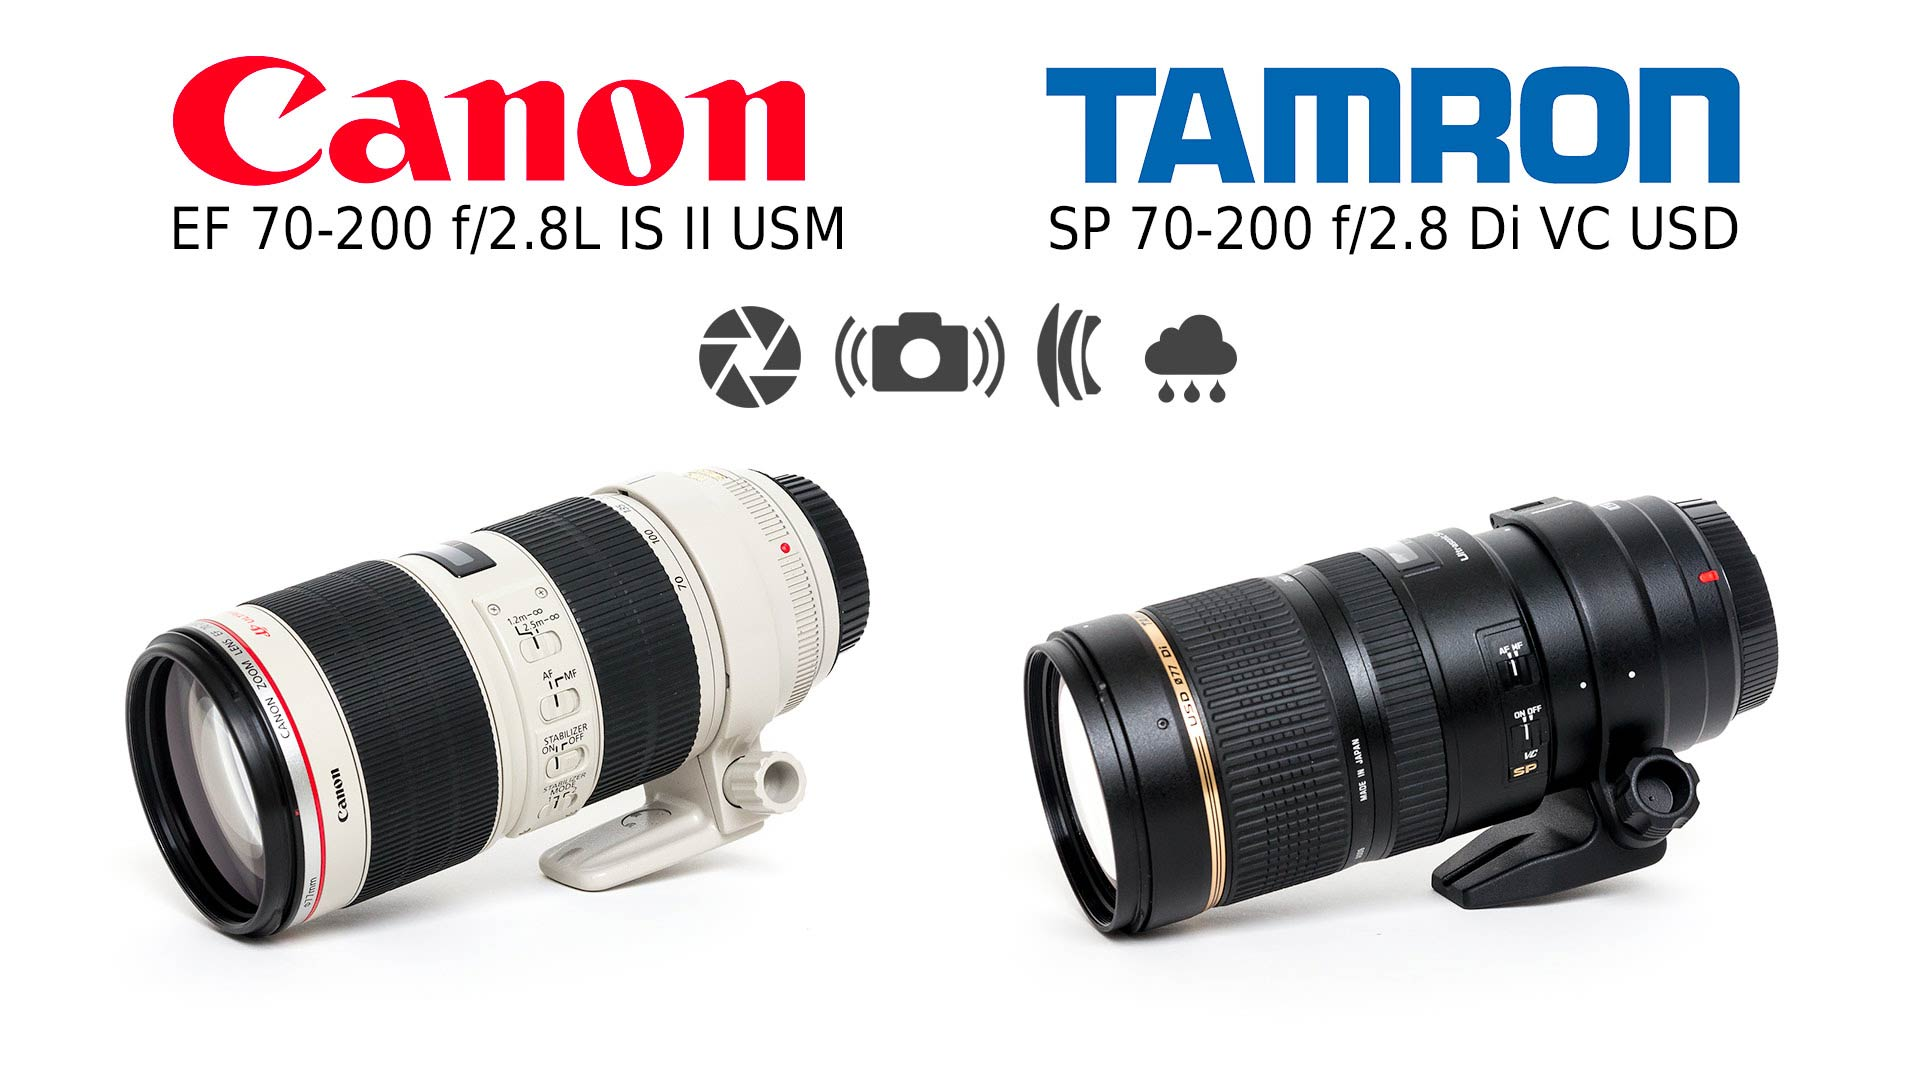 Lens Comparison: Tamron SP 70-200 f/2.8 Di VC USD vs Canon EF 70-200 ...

---

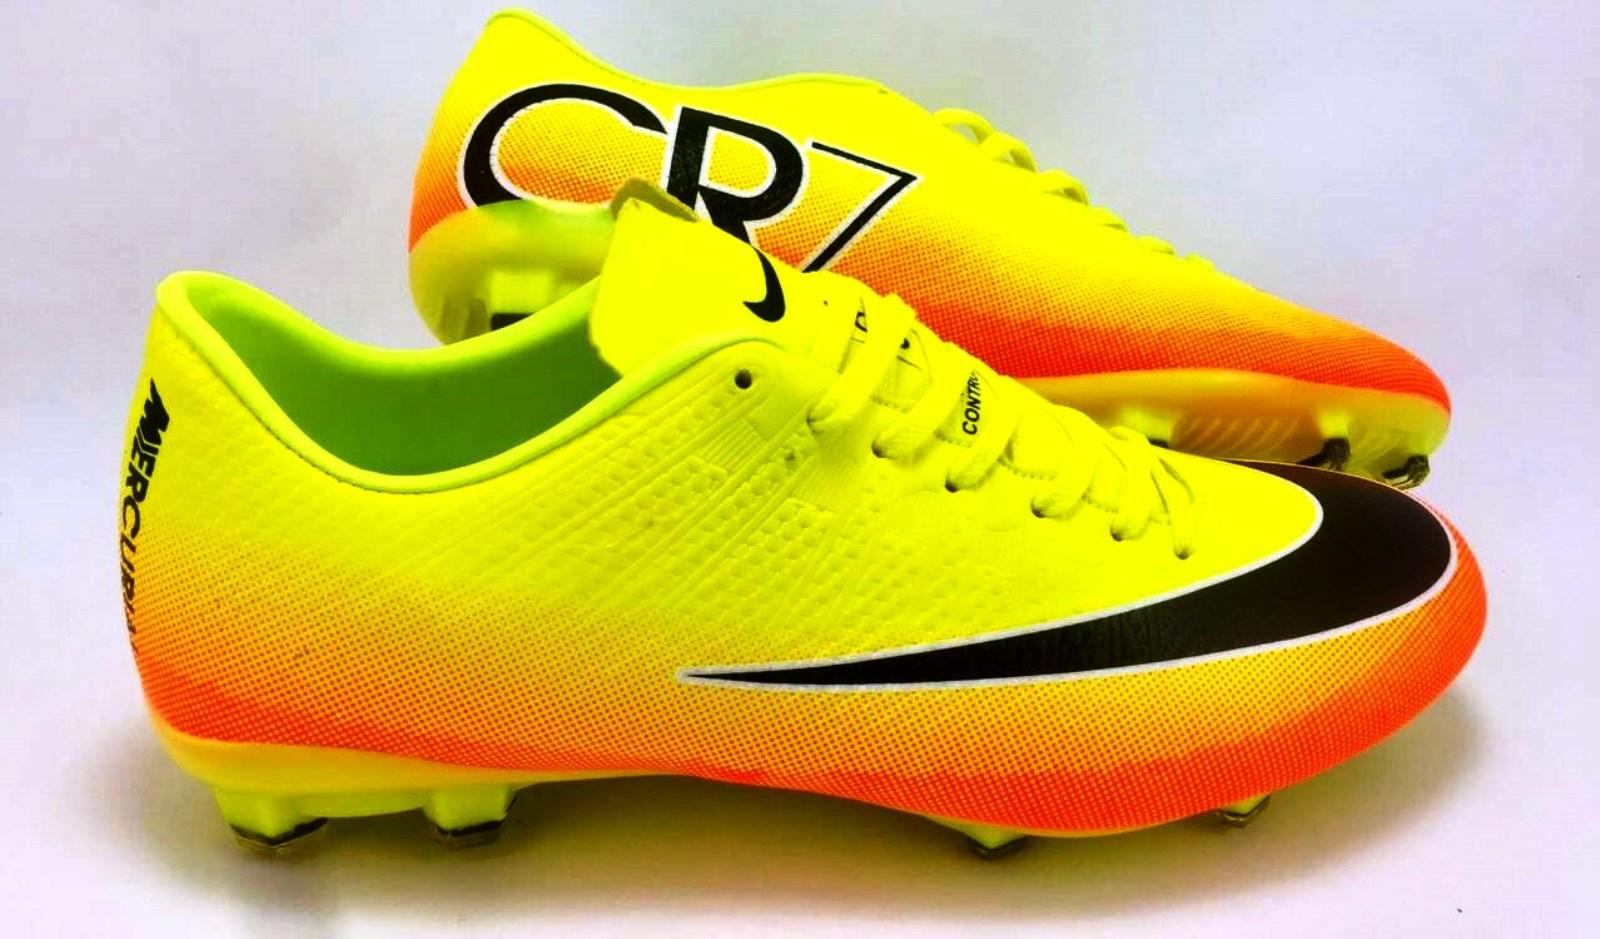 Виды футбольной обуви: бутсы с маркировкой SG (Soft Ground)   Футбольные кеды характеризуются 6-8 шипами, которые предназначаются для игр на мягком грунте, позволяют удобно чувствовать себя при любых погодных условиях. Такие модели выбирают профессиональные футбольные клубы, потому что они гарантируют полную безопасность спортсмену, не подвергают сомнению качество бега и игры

--

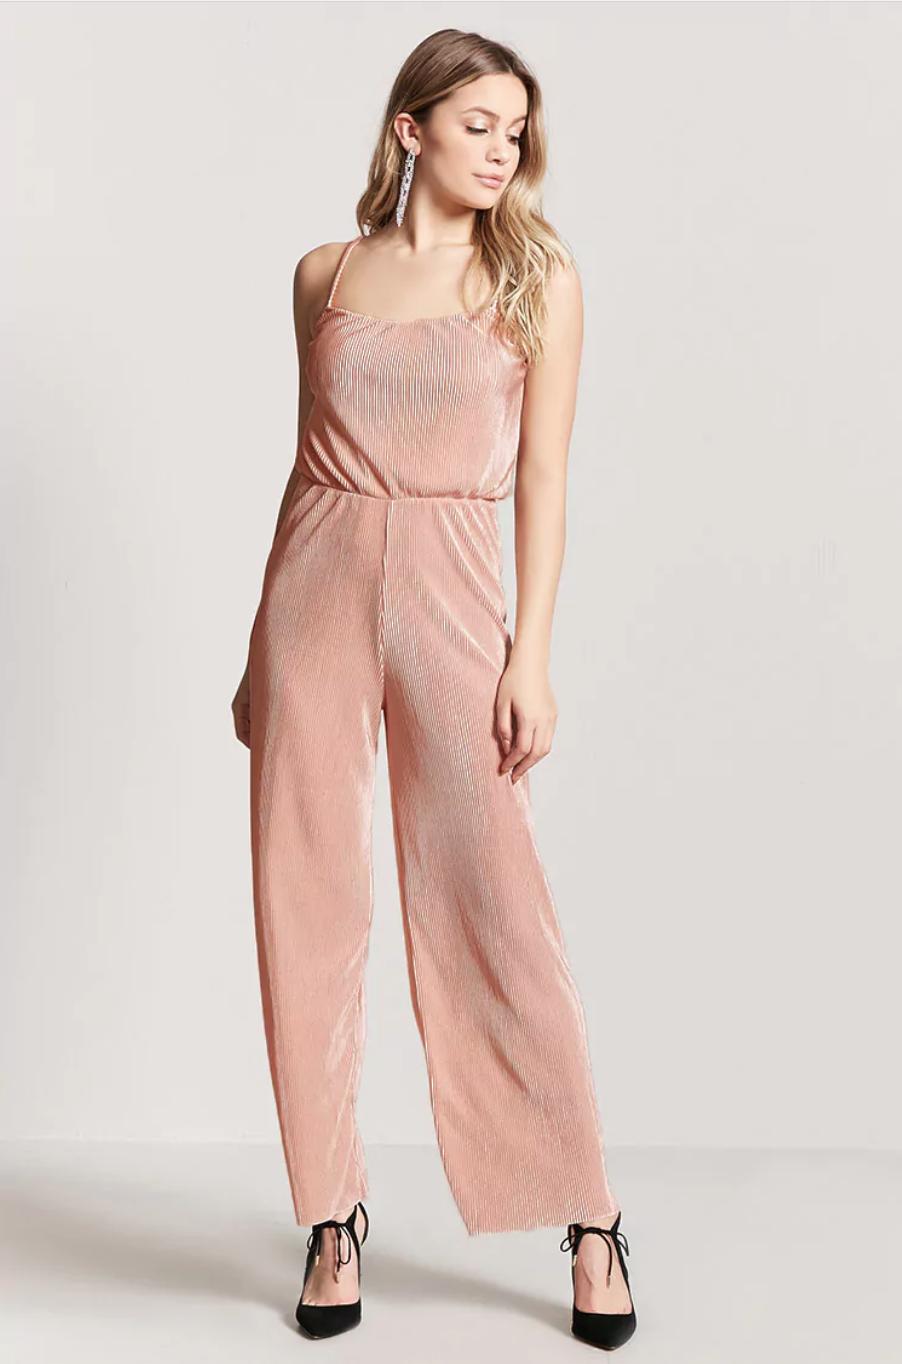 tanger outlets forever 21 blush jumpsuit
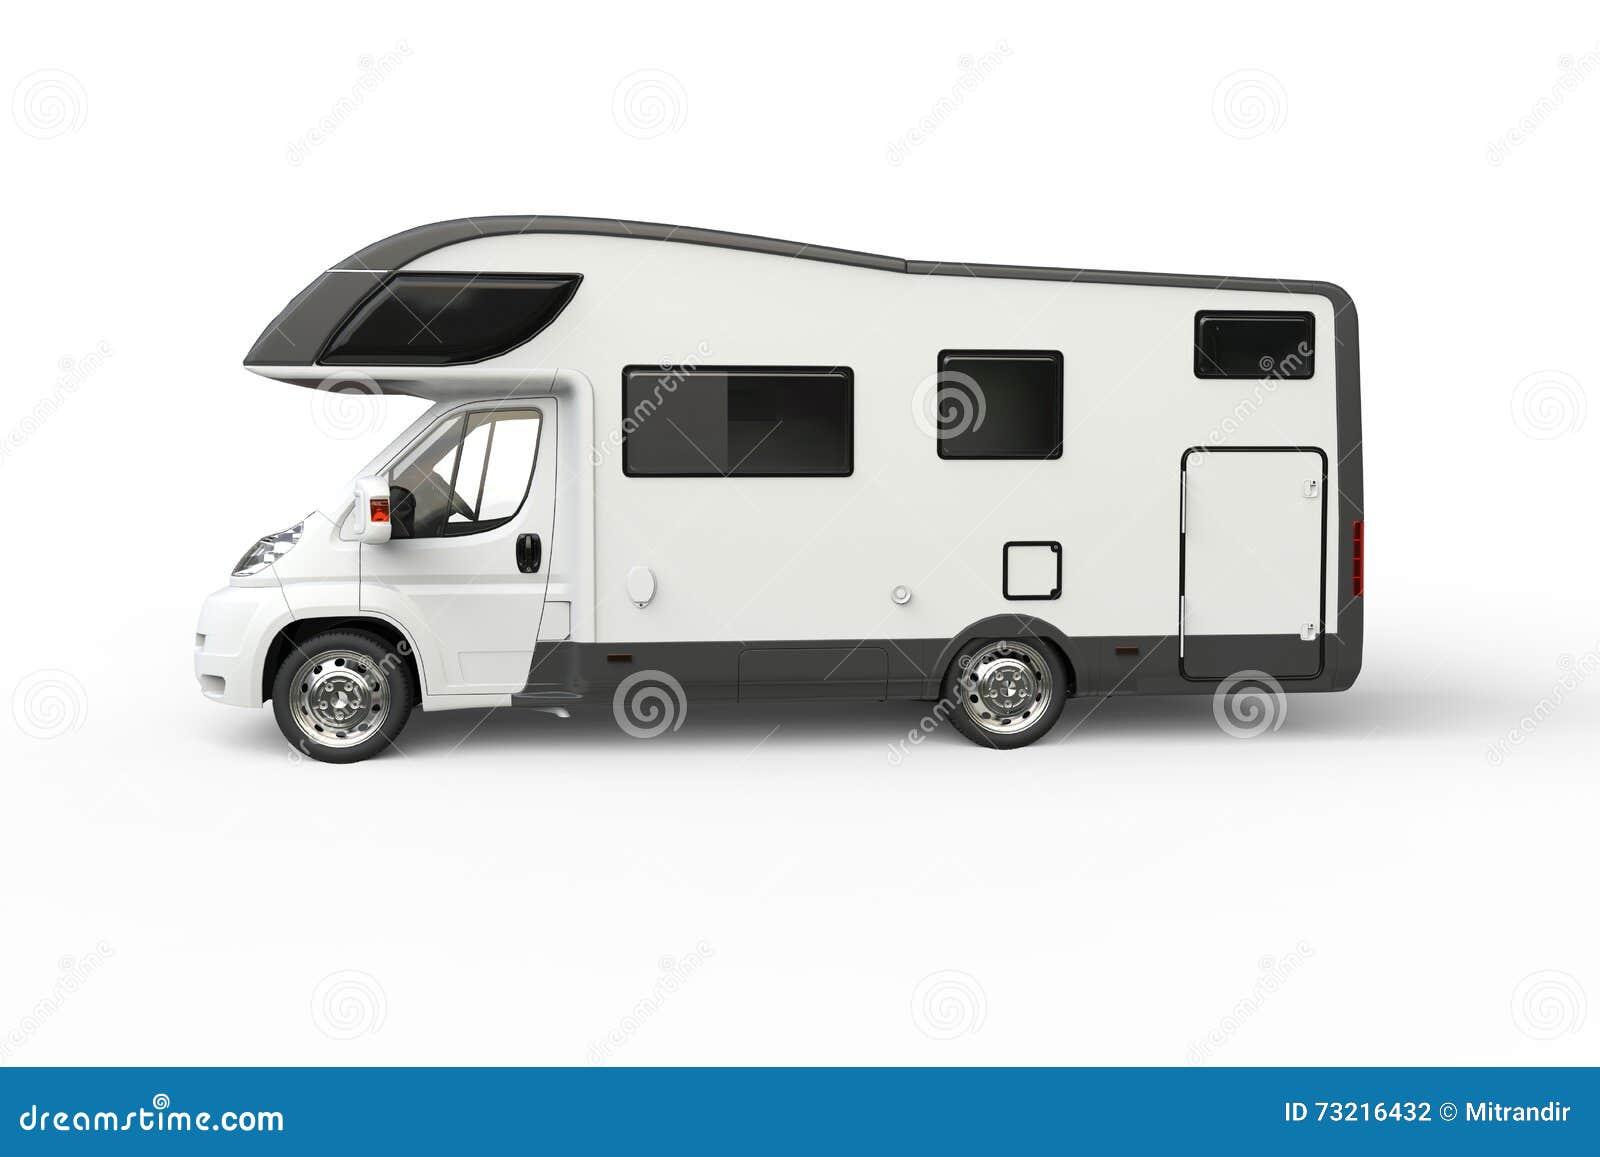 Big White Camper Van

- Aim of the task:
Without the pictures, give again exactly the lines above starting at the line containing "tanger outlets forever 21 blush jumpsuit" and ending at the line containing "Big White Camper Van".

- Completed exercise:
 tanger outlets forever 21 blush jumpsuit
 Big White Camper Van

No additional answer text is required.